Am Mounainbike geht es doch meist sehr zur Sache. Man findet da immer wieder verwackelte Aufnahmen. Grad mit der originalen Brusthalterung wackelt es häufig sehr. Ich habe die Kamera bei meinem ersten Video auf meiner Leatt Brace montiert. Hier hält sie sehr stabil. In diesem Video habe ich dann Vergleiche zwischen digital stabilisiert und nicht stabilisiert gemacht. Ich bin überrascht, wie gut die Stabilisierung funktioniert. Das Bild ist nochmals deutlich ruhiger, was auch der Bildqualität gut tut. Der große Nachteil ist allerdings, dass das Bild beschnitten wird (ist natürlich Prinzip-bedingt). Ich filme fast durchgängig mit Brustmontage. Da ist dann bei 16:9 der Ausschnitt zwischen oben und unten schon sehr beschränkt. Ich habe überlegt, eventuell mal in 4:3 zu filmen und dann auszuschneiden. Aber erstens hat 2K7 4:3 nur max 30 fps (hin und wieder wären aber 60 fps für Zeitlupen gut). Zweitens hat 1440p 4:3 nur 1920 Breite. D.h. Full HD. Auf YouTube ist aber 1440p doch deutlich besser als 1080p.
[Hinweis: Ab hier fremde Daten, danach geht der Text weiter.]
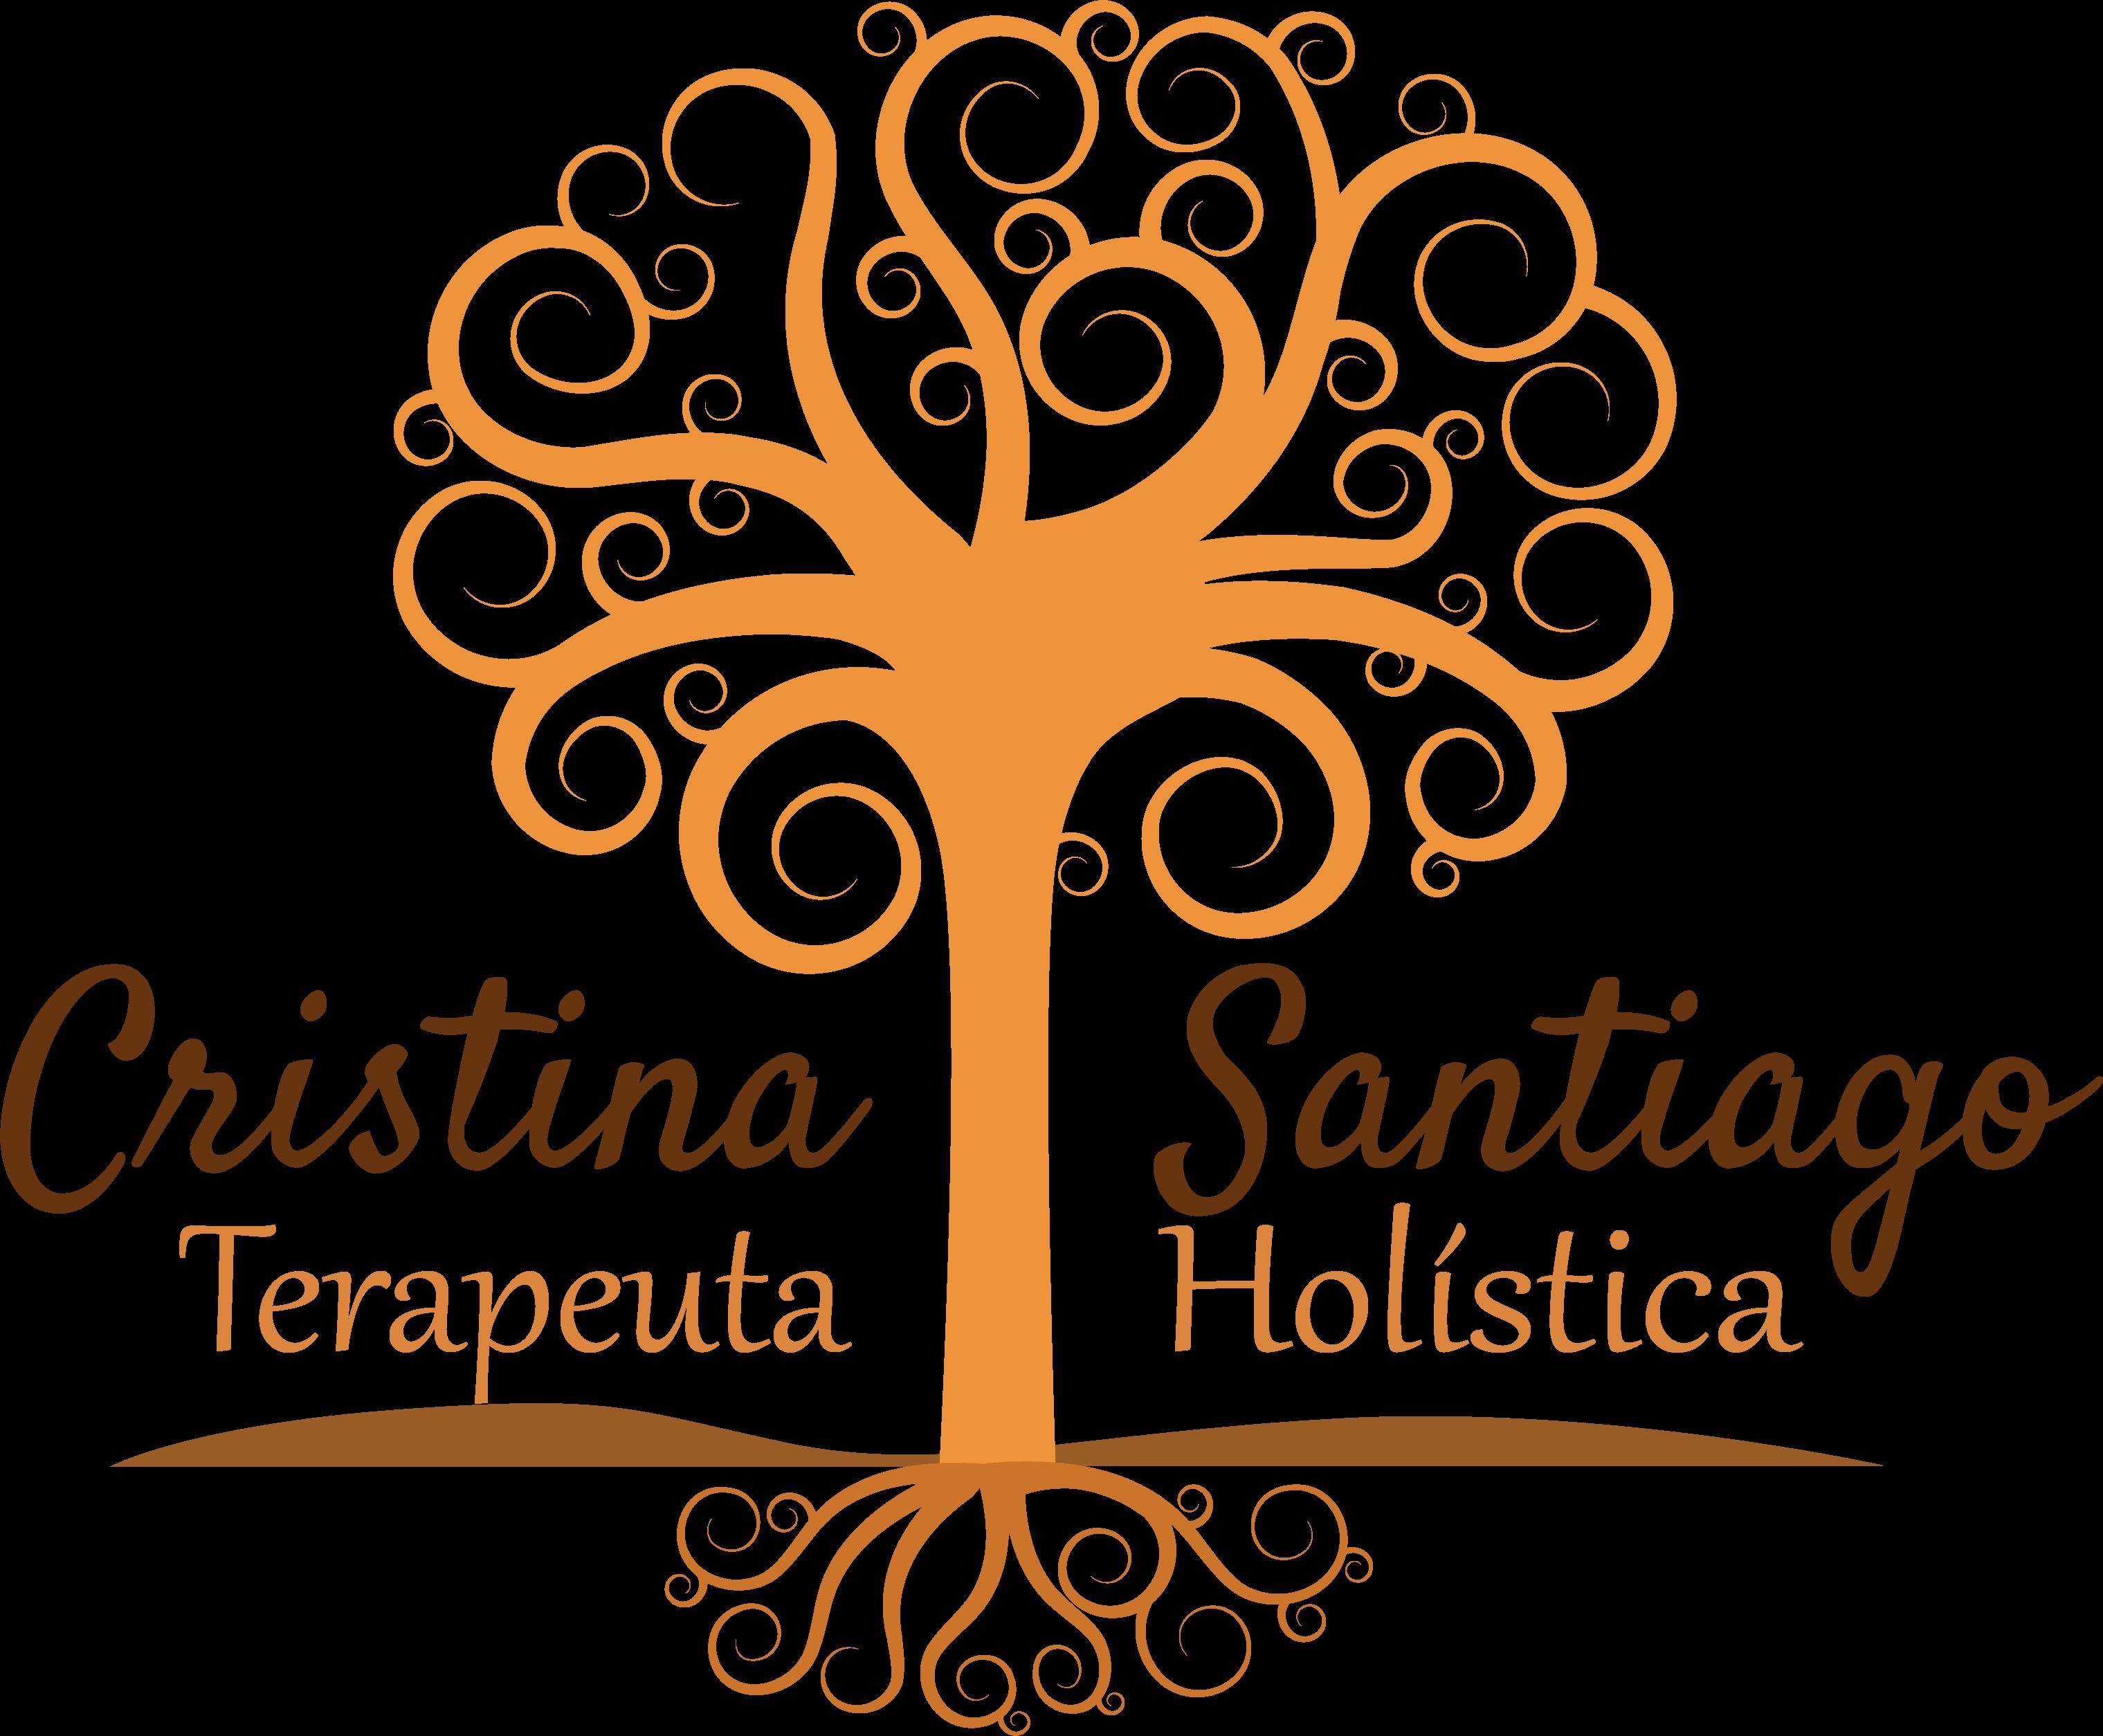 Cristina Santiago Terapeuta Holística

Mit einer optischen Stabilisierung oder einen Gimbal kann man es natürlich nicht vergleichen. Ein Gimbal braucht bei Körper-Montage aber auch Platz und erhöht das Gewicht zusätzlich.
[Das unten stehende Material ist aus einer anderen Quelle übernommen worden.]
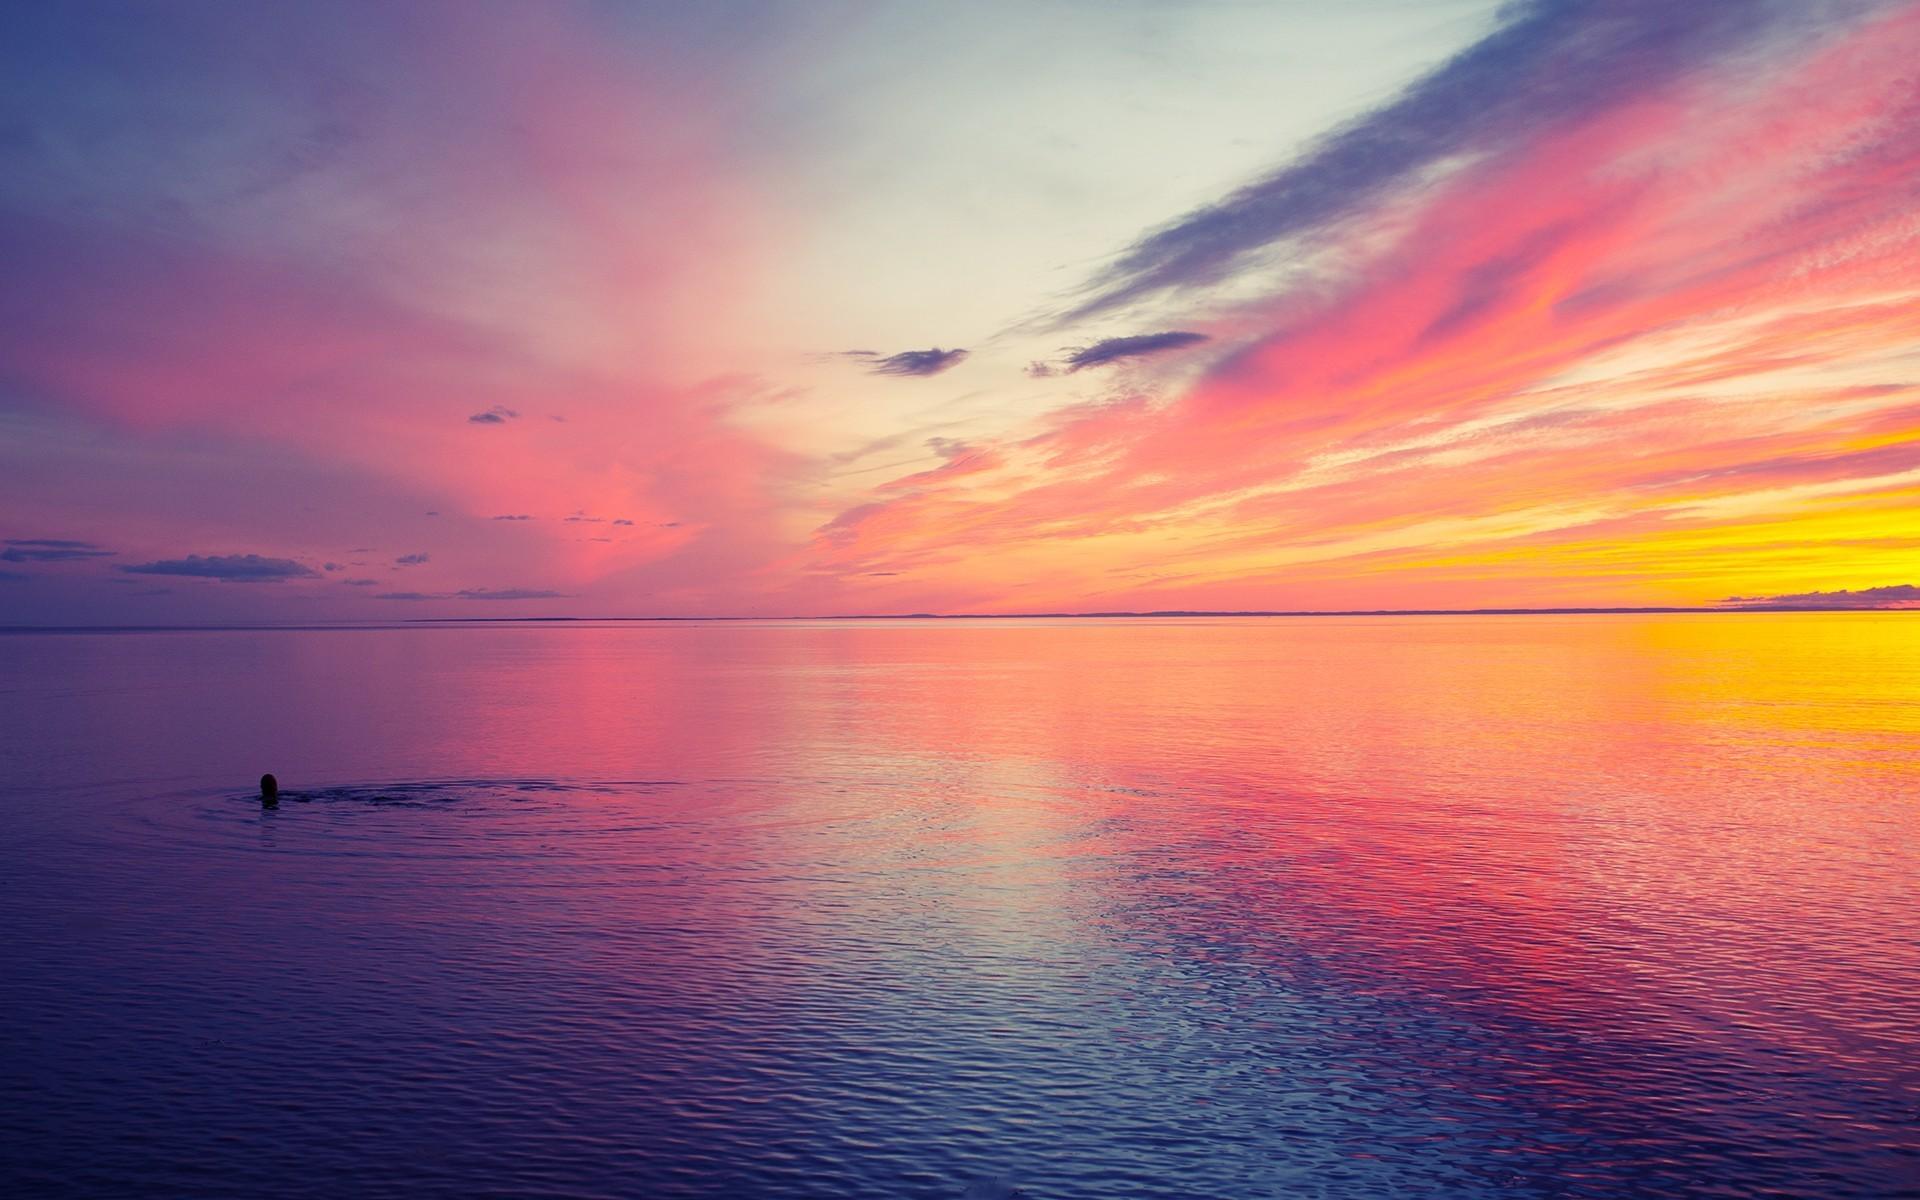 1920x1200, Nature Wallpapers - Beautiful Sunset - HD Wallpaper

Ich wollte einmal 1080p Videos mit Adobe Premiere und dem Warp-Stabilizer nachträglich stabilisieren. Für viele längere Clips ist das allerdings extrem rechenintensiv. Insofern ist das bei der GoPro Hero5 schon beachtlich.
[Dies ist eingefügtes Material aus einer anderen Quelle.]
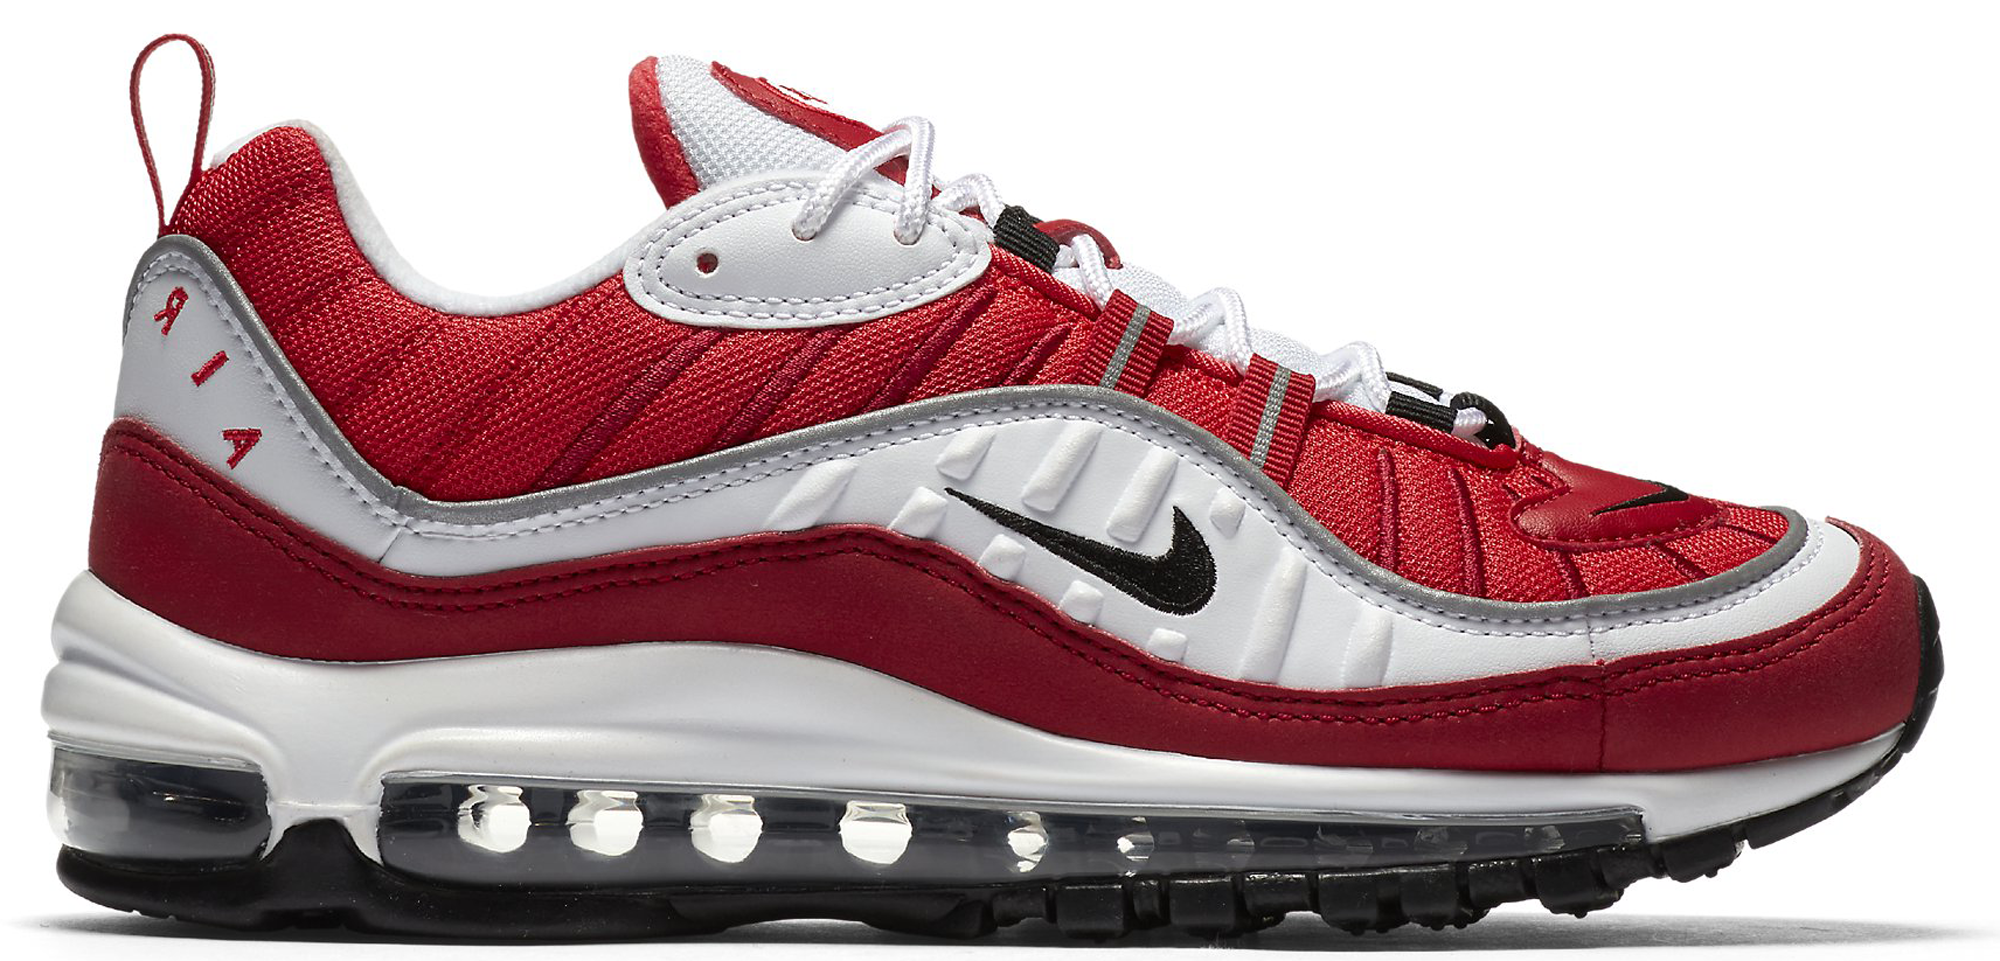 Air Max 98 Gym Red (W)

*Bildfehler bei Videostabilisierung*

Ich hatte bei einem Clip mit Video-Stabilisierung mehrmals für einen Frame pinke Streifen im Bild. Bei einem anderen Clip hatte ich einmal einen Fehler, wo bei einen Frame die unteren 15-20% falsch kodiert waren (identische Zeilen). Und dieser Frame wiederholte sich einmal. Insgesamt habe ich 4-5 Clips mit Stabilisierung gefilmt. Ich hoffe, die Fehler können durch ein Firmware-Update beseitigt werden.






*Auflösung*

Ich habe hier noch kaum getestet. Bisher (Hero3 Black) hatte ich immer mit 1080p 60fps gefilmt. Ich habe diesmal einfach die nächstbeste Auflösung mit 16:9 und 60fps gewählt: 2.7K. Das sind 2704x1520. Erst im Nachhinein habe ich festgestellt, dass YouTube das gar nicht nativ unterstützt. YouTube hat 1440p mit 60fps (2560x1440 Pixel, das ist genau 4x 720p). Die GoPro hat auch einen 1440p Modus. Allerdings ist der 4:3 mit 1920x1440. Ich habe das 2.7K Video auf YouTube geladen. Die haben es auf 1440p runtergerechnet. Zumindest auf meinen 20" Monitor ist das Ergebnis wirklich sehr gut.

*Akkulaufzeit*

Bei meiner Hero3 war die Akkulaufzeit bei 1080p und 60fps eine Katastrophe. Ein paar Runs am Bike und ich musste wechseln. Zuletzt gingen sich meist kaum mehr zwei 1000-Tiefenmeter Runs aus - also ca. 20 - 25 Minuten. Da ich dann teils frühzeitig gewechselt hatte, bin ich so mit 5 Akkus über die Runden gekommen.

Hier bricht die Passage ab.